Even though it rained again today, I was pleasantly surprised by this afternoon's events. I expected my last pregnant ewe, Sian, would probably lamb on Sunday-just by the looks of her bag.
She was sunk and in early labor when I ventured out to let the girls out around 12:30 pm this afternoon, though. She had claimed a stall in the barn so I just added some fresh bedding and shut the door. By 2:30 she had two fresh lambs up and nursing with gusto. Way to go, Sian!
And now...I can go back to sleeping through the night. No more 2am barn checks. Ahhhh...Sweet Sleep.

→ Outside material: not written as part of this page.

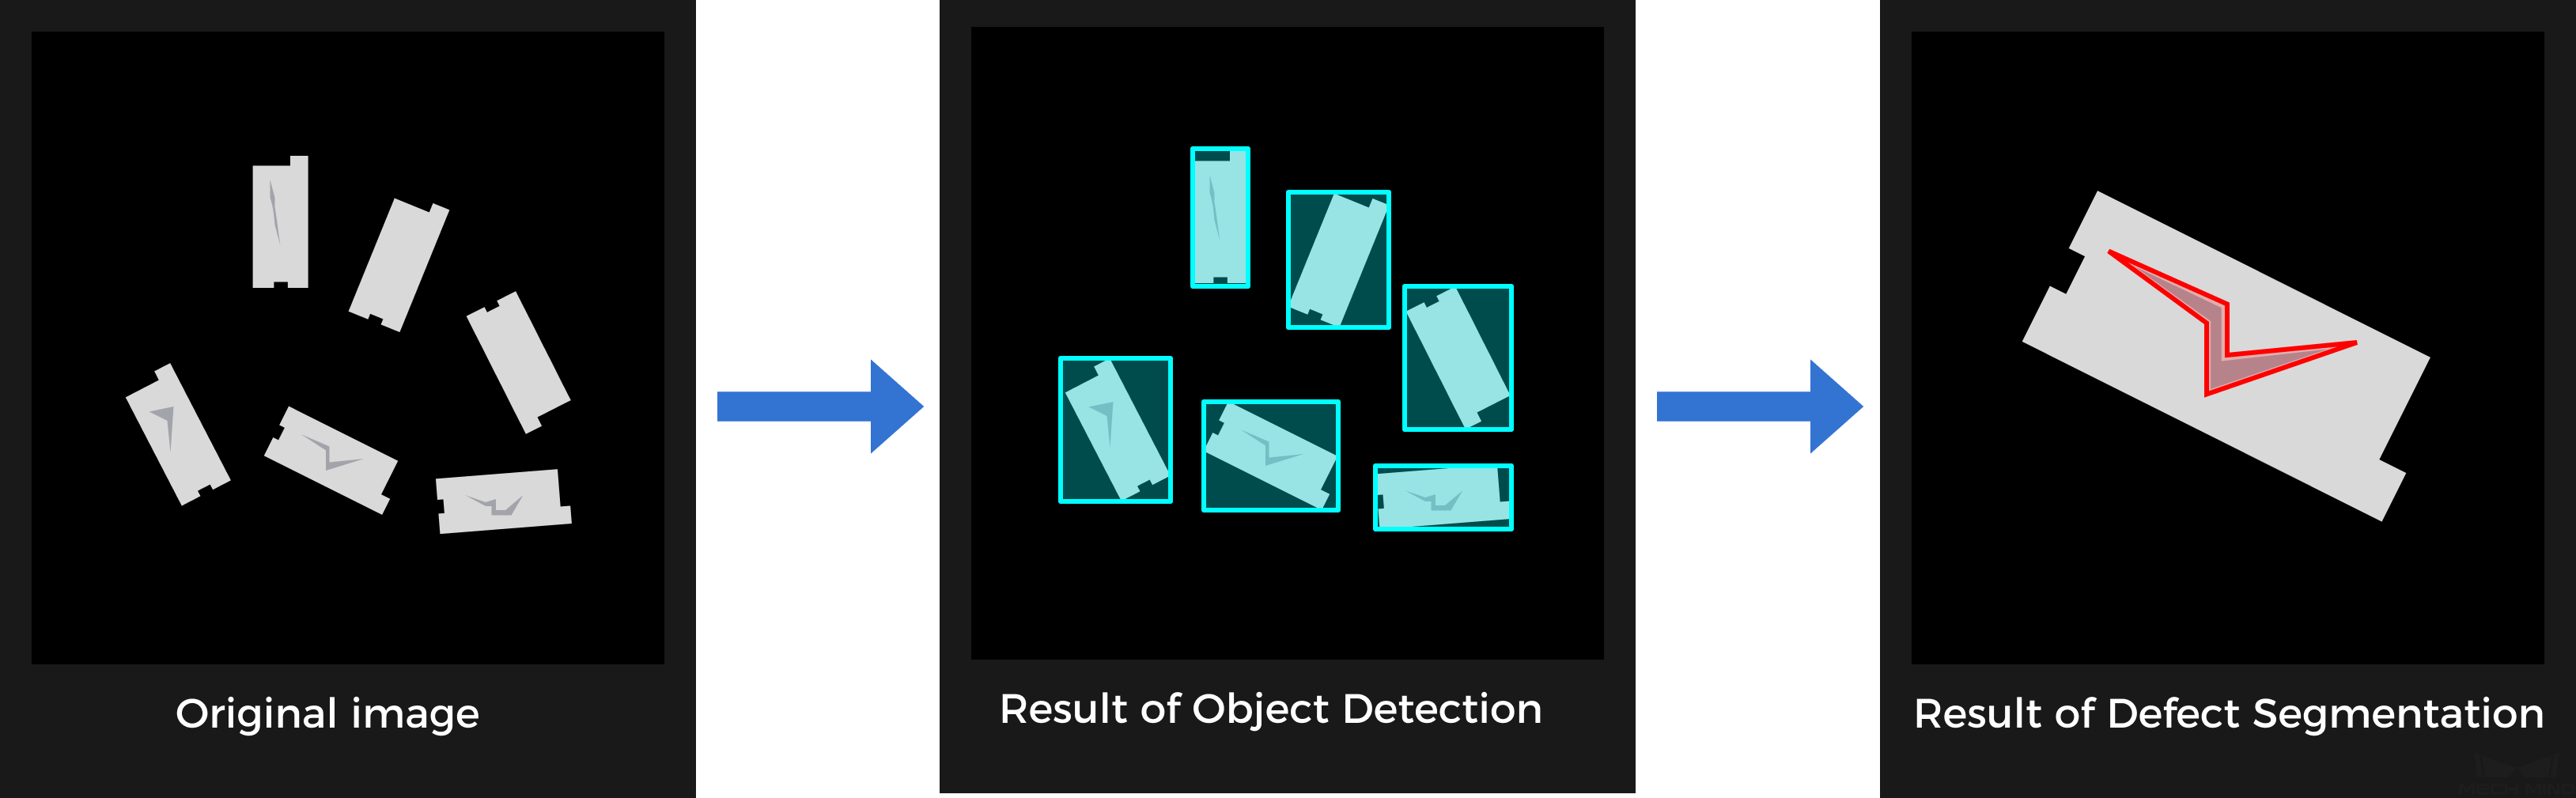 object defectseg example

Sian has lovely solid black, crimpy, soft fleece. I put her with Bombarde this year so I was really eager to see what she would give me. She gave me a gorgeous grey ewe lamb to replace Rachel some day. This lamb is glossy black except for the tiniest hint of sugar lips. I think I'm going to like her! The big surprise was a dynamite katmoget ram lamb with spotting though. Again, where did the spots come from? I have never bred for spots. Sian never even had so much as a white hair on her head at birth. And I can't see any spotting on Bombarde either. It's just so funny when these recessives pop out. The head spotting was obvious, but the body was all mottled so I'm not sure if that is just kat coloring or white. We'll see tomorrow.
Both lambs seem to have that ultra crimp Bombarde always throws. Beyond that, I can't say. The barn was dim and Sian was being such a great mom I didn't get involved much. I did check her bag and milk was flowing. The lambs ate several times without my help while I watched. Tomorrow I'll get a better look.
Thus ends lambing season at Boston Lake Farm. 200% lambing this year-a first ever. 5 ram lambs and 5 ewe lambs-a fair ratio. I feel very blessed.